What to do
What you return must match the listing below exactly, minus any pictures.

Supplied data
════════

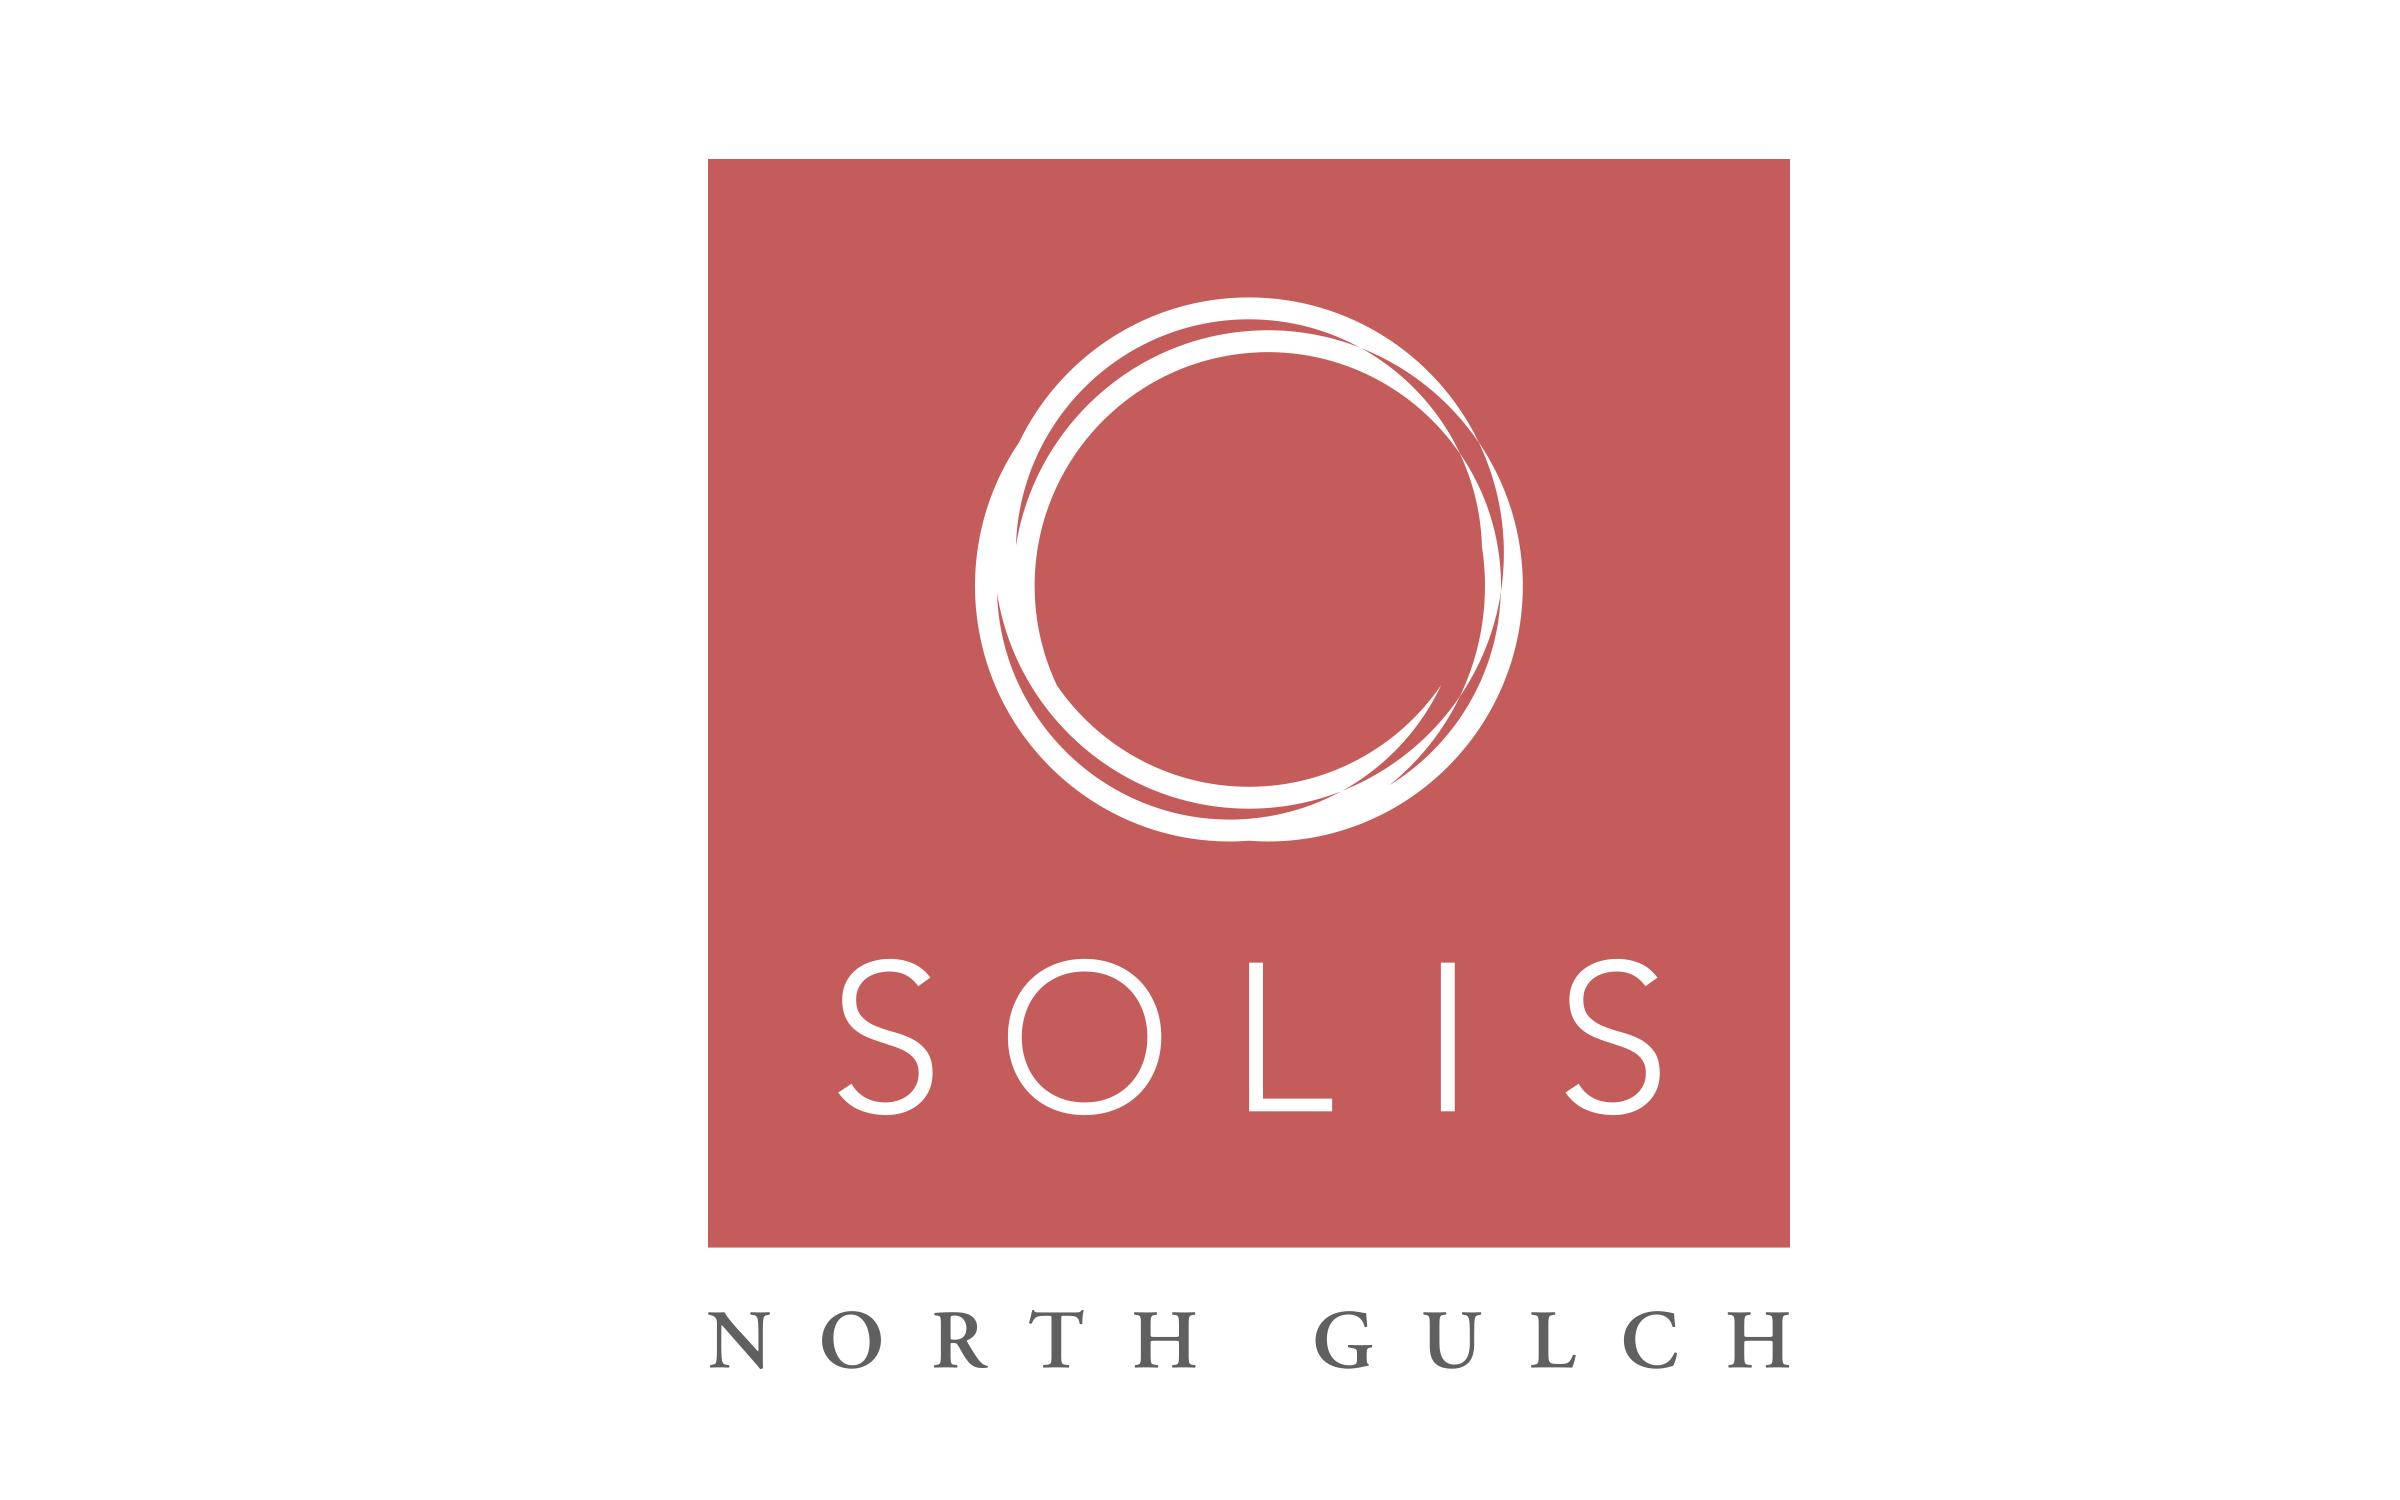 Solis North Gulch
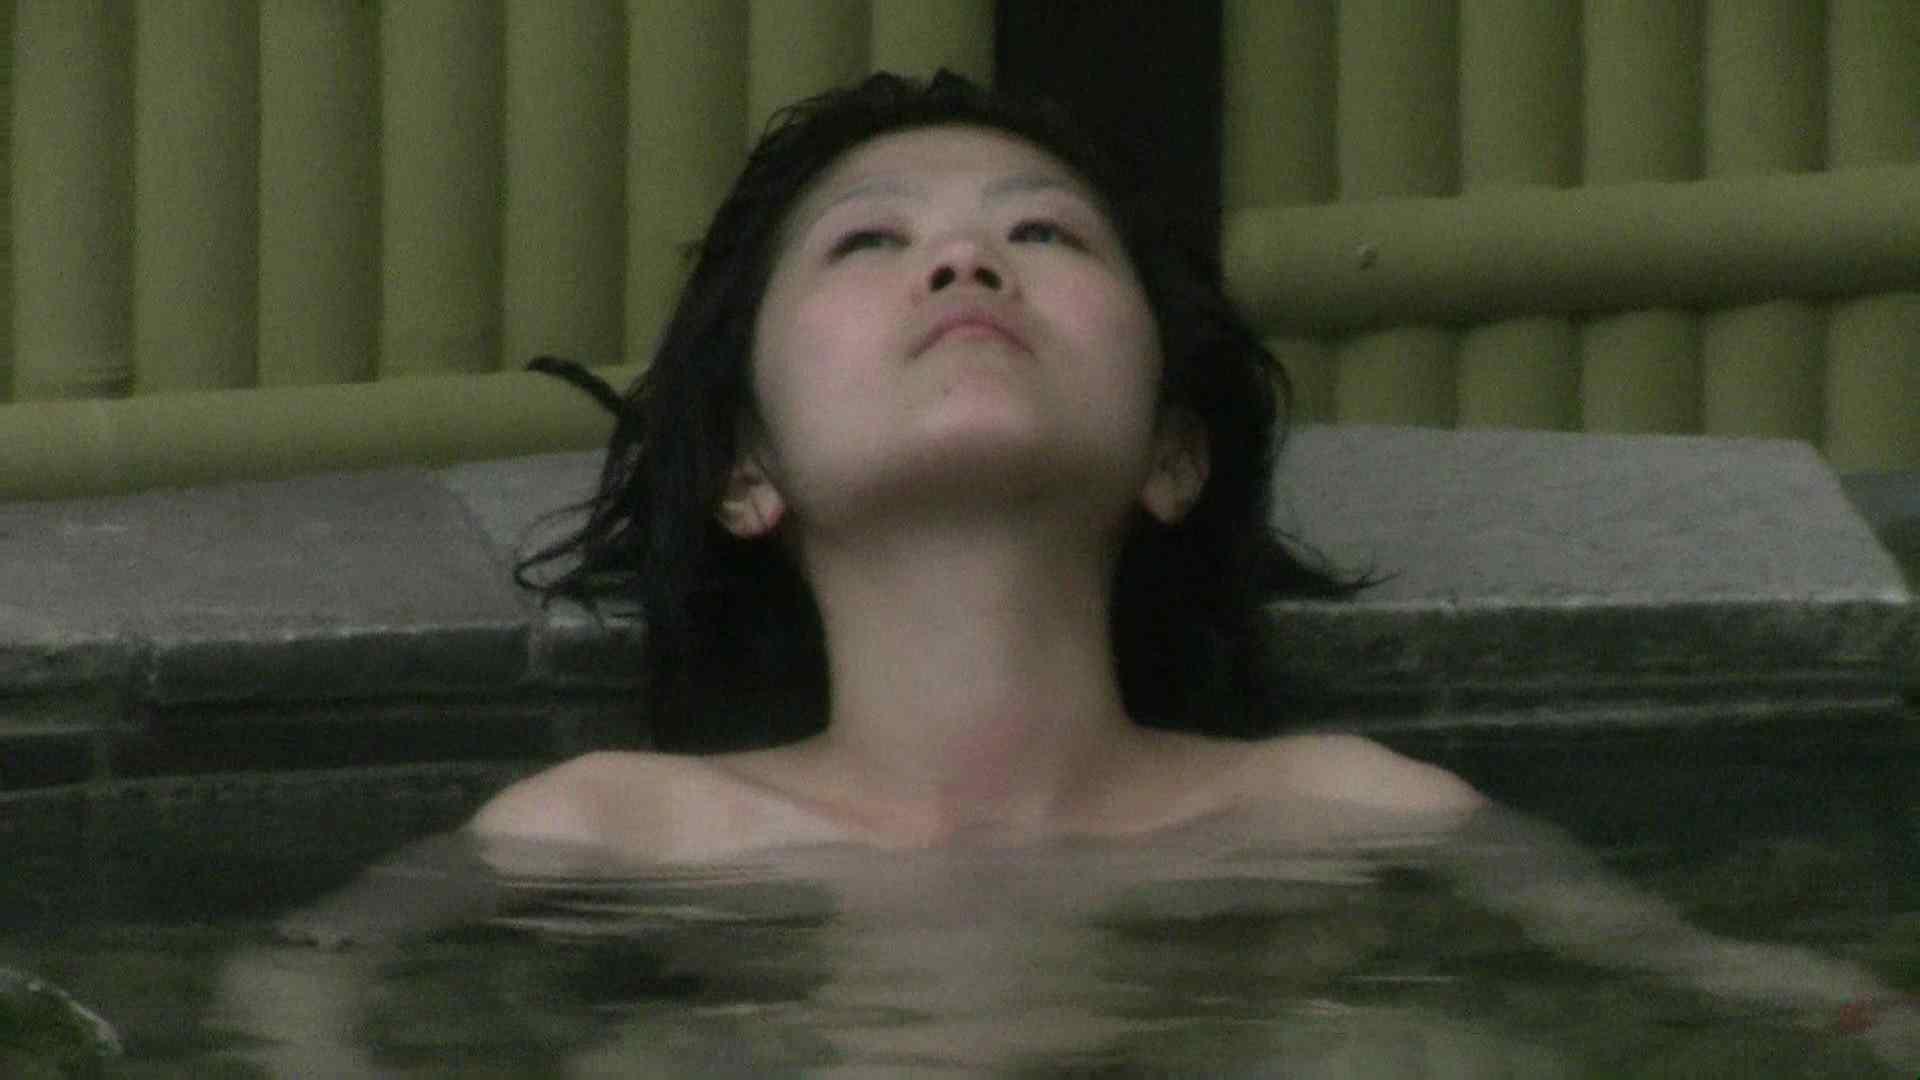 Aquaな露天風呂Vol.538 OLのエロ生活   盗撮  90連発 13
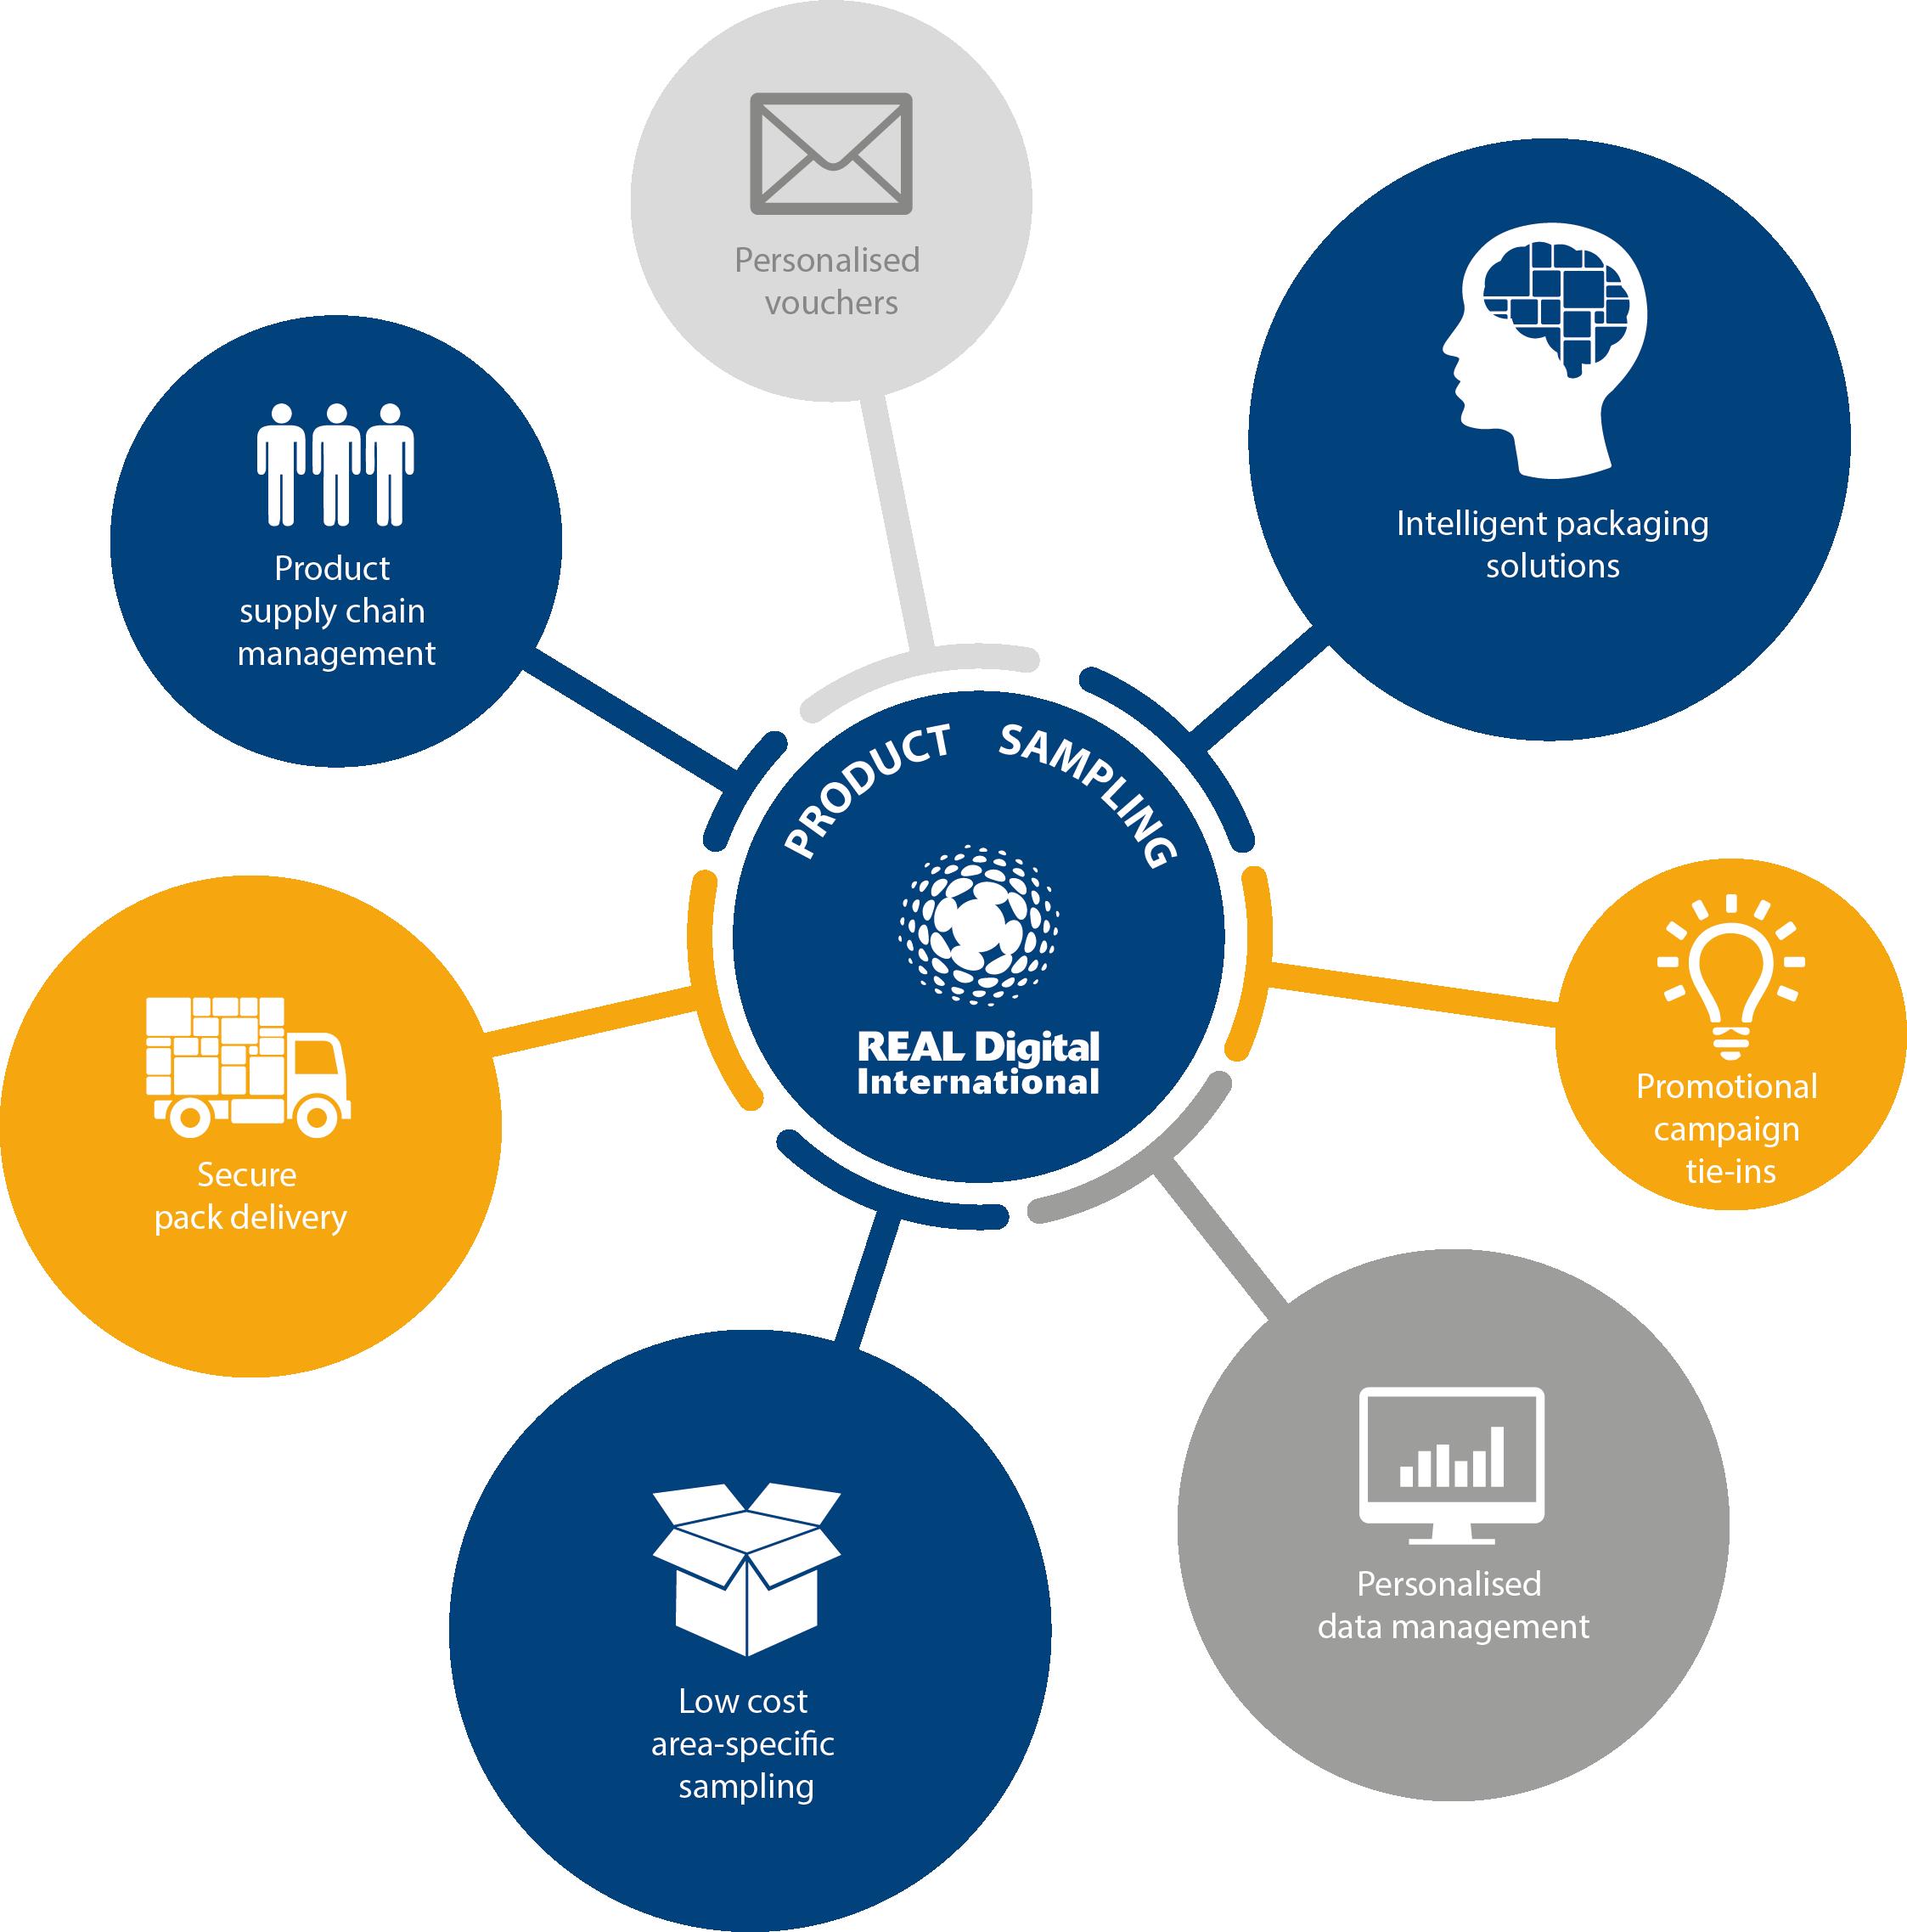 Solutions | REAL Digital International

════════

Exercise response
 Solis North Gulch
 Aquaな露天風呂Vol.538 OLのエロ生活   盗撮  90連発 13
 Solutions | REAL Digital International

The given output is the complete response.